Выбрать главу

«Вера – скрепы нашей жизни», – сказал в одной из проповедей (15.01.11) патриарх Кирилл. Исчерпывающее определение! В точку! И когда эти скрепы ослабевают или исчезают вовсе, жизнь превращается в огромную бессистемную россыпь отдельных жизней или ячеек – случайных, семейных, корпоративных и других. Призывы: «Побойся Бога! Не бери грех на душу!» – могли бы пресечь в человеке злонамеренную мысль, но только в человеке истинно верующем, ибо верующий в Бога – это, прежде всего, имеющий совесть или, по Бердяеву, соприкасающийся с Богом. Но когда в душе человека, даже если он мимоходом посещает церковь и постоянно носит крестик, нет места Богу, то ему и бояться некого, и греха как понятия для него не существует.
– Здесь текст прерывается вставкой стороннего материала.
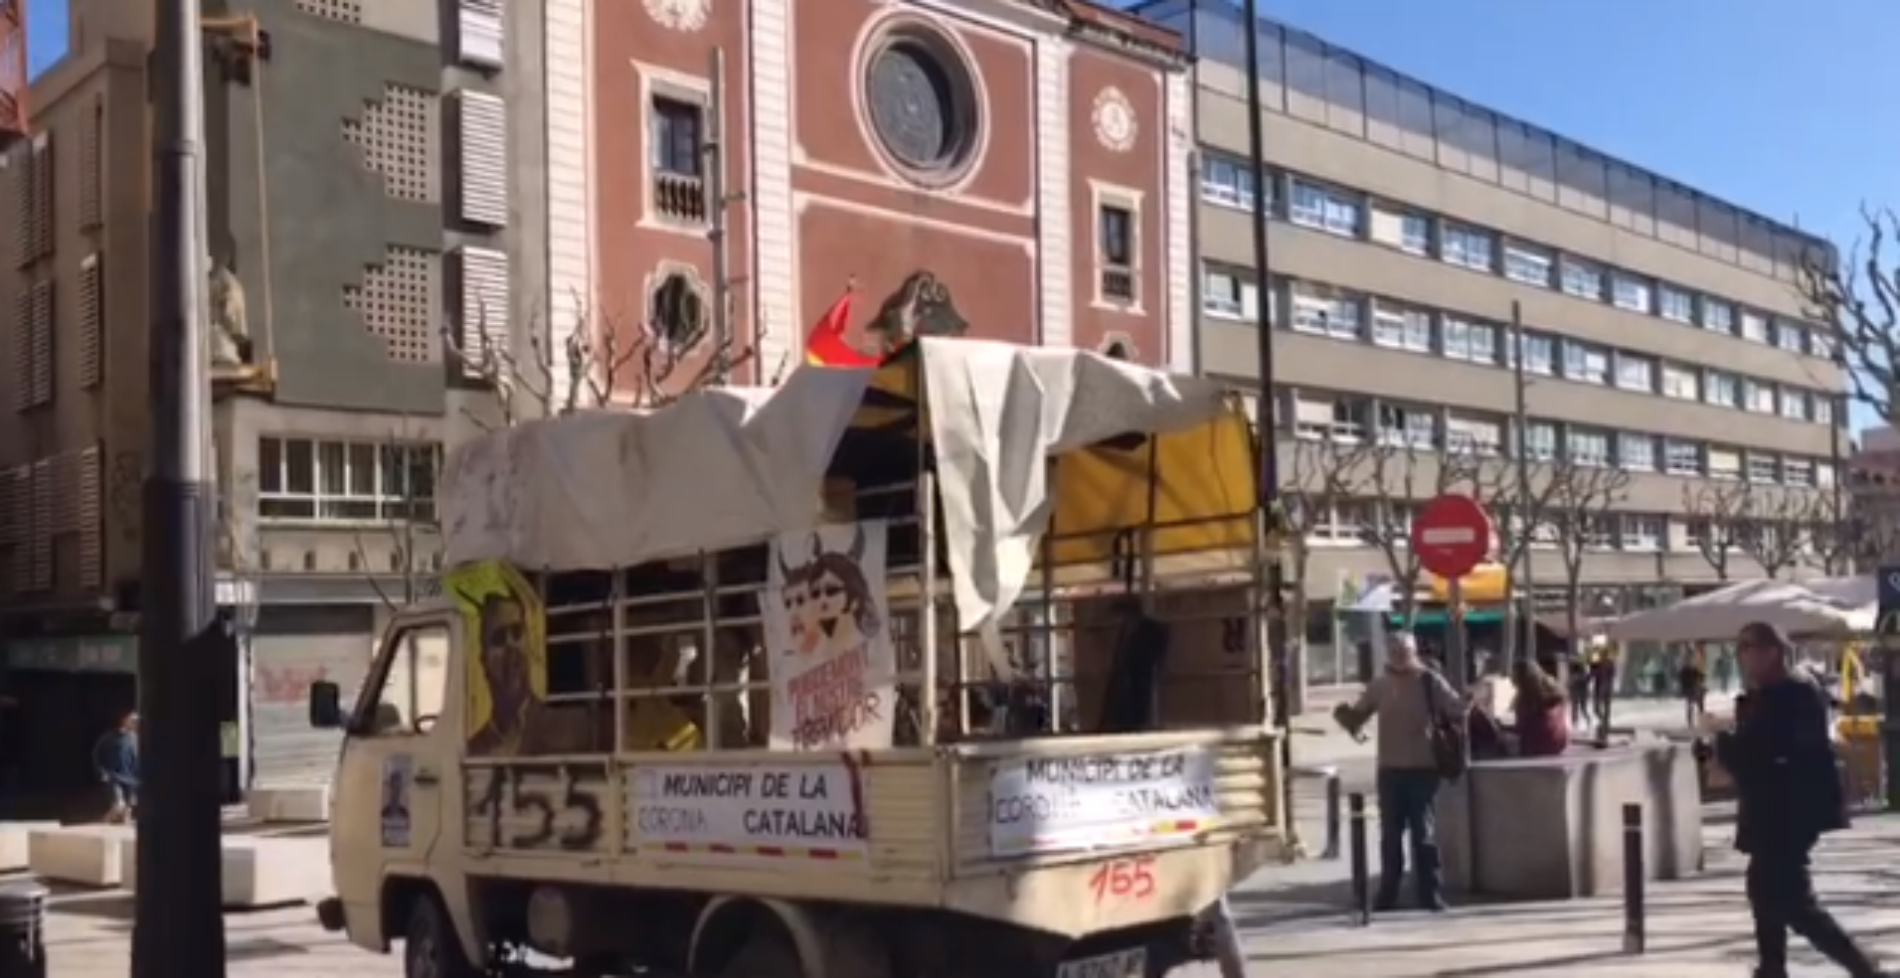 Agresión en Mataró por parte del propietario del camión del 155

Поэтому и законы не действуют, а их обилие говорит лишь о слабости или полном отсутствии в обществе главнейшего закона – закона нравственного. Ведь последний не требует мелочной регламентации человеческих поступков, в нем многие поведенческие нормы растворены как органически присущие ему компоненты, как нечто само собой разумеющееся.

По мнению апостола Павла к примеру, заповеди ветхозаветного закона: «не убивай», «не прелюбодействуй», «не кради», «не лжесвидетельствуй», «не пожелай чужого» и другие заключаются в одной-единственной заповеди – заповеди любви, в сем слове: «люби ближнего, как самого себя». И значит любые запреты на совершение зла в «зоне любви» совершенно излишни, ибо в принципе «любовь не делает ближнему зла» (Рим. 13,9). Как бы мы ни совершенствовали юридическую базу, сколько бы мы ни плодили законов и ни подгоняли их под все случаи жизни, преступности в человеческом обществе с зоологической нравственностью – не изжить даже частично. Нет у нас веры ни в Бога, ни в людей, ни в самих себя. Нет у нас, наконец, и «веры как доверия к бытию» [17], с. 23, что просматривается невооруженным глазом на лицах и в поведении наших вечно брюзжащих верующих. Один безбожник говорил: «Если посмотреть на лица этих христиан, то нельзя подумать, что они верят в такие чудесные вещи». Как говорил преподобный Серафим: «Нет у нас пути унывать, а мы в этом сидим» [18], с. 29.

«Священная» частная собственность изолировала высоконравственные ориентиры, утвердила примат материального благополучия над духовными идеалами. Люди, не ведая того, превратились в жалких пожизненных пленников земных, чувственных благ. «Кто мучается земными вопросами, тот ответа о Небесном не получит», – писал Николай Рерих («Листы Сада Мории»). Безверие и страсть – вот краеугольные понятия, характеризующие нижнюю зону ценностной шкалы, засосавшую обывателя. Все остальное многоцветье пороков, «зло во всякое время», – лишь огромное потомство этих плодовитых прародителей.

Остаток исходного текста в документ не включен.